As of Friday morning, the fire was at least 65% contained, and the evacuation order is lifted.

"Ordered up and assist as necessary."

As crews continue to battle flames northwest of Menahaga, Minnesota, extra help has been brought on to finish the job.

"As a Hotshot crew we specialize in large fire support."

That Hotshot crew is the real deal.

"Carrying a weight vest that weighs 45 pounds three miles in less than 45 minutes, can't run, have to walk. In 2011 we were down there on the "Wall of Fire" the one that was the largest in Arizona history."

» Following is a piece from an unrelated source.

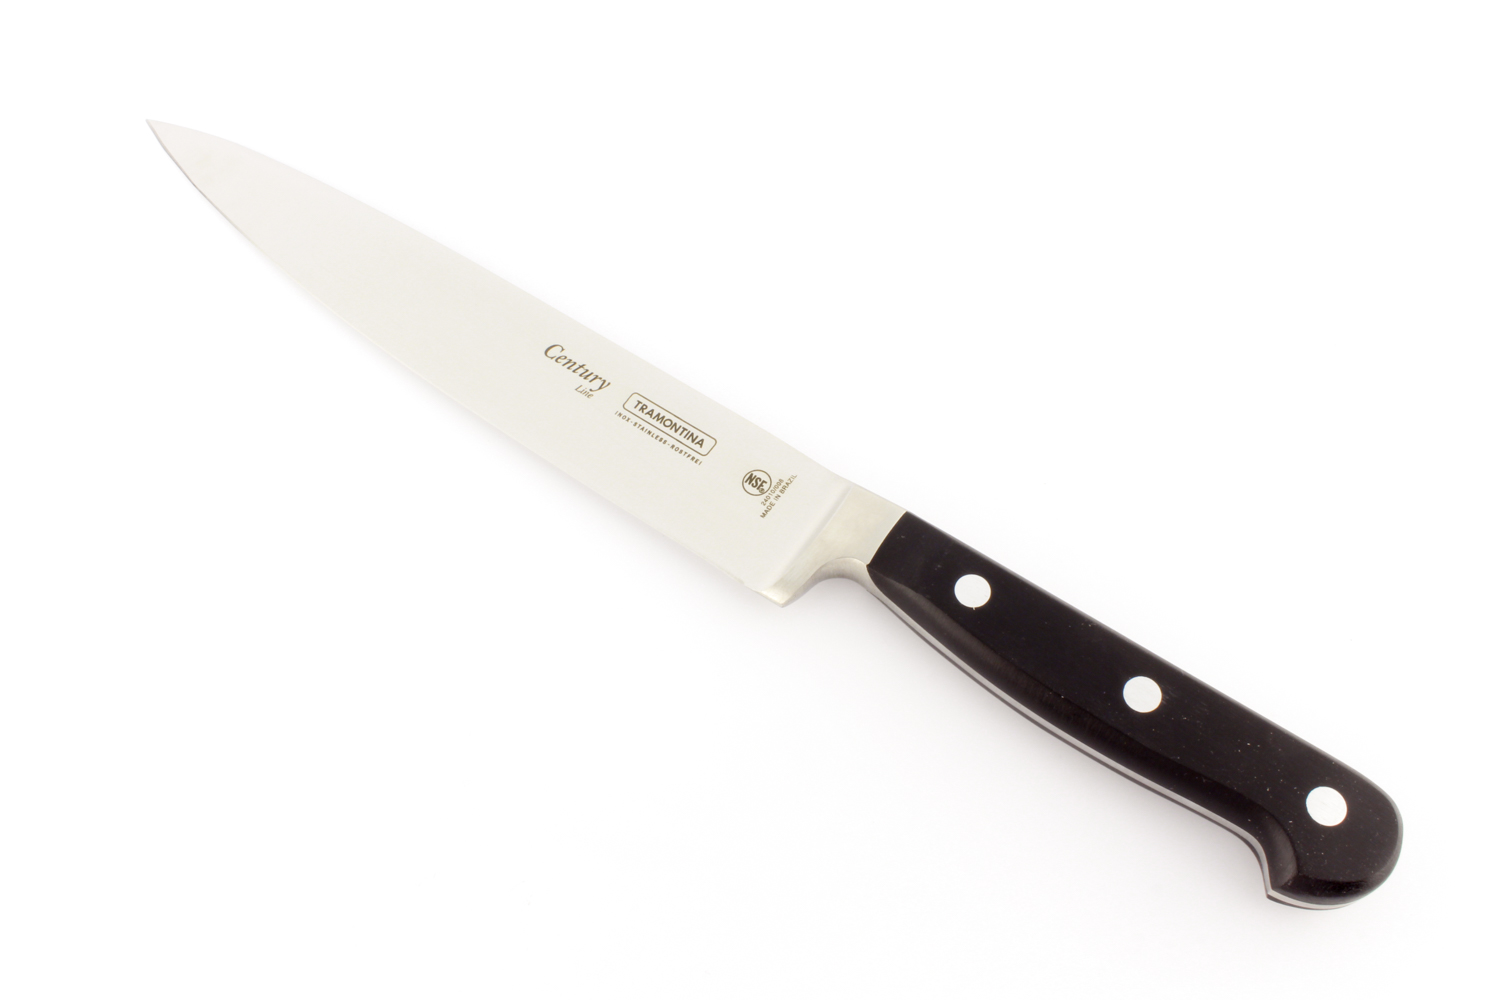 Купить нож CENTURY поварской Tramontina 24010/108 в один клик. Доставка по РФ. Выгодные цены.

The Hotshot crew is dispatched out of Boise, Idaho. They are called in to help fight fires in remote areas, often hiking 10 miles to get to certain spots where bulldozers and fire engines can't make it.

Since most of the fire is out and only hot spots remain, it's the grunt work that continues. Crews are removing trees from the sides of roads so they don't fall over in a strong wind.

"It looked okay on the one side, but on the back side it was completely burned out. After the flame front goes through, it's just like burning wood in your place or campfire. It burns for awhile."

This team arrived late Wednesday night, and they will be here as long as it takes, which could be another four days. While they're here, they will be checking to make sure power poles aren't damaged, and easily accessible trees threatening buildings are removed.

"It's pretty monotonous."

The difficulty won't stop these guys as they continue to make it safe for people finally returning to their homes.

"You have structures that are in with the forest environment, it creates hazards cause you got a lot of power lines, roads and houses that are tucked in."

The Green Valley Fire has consumed more than 7,100 acres, destroying 12 homes and 43 other buildings.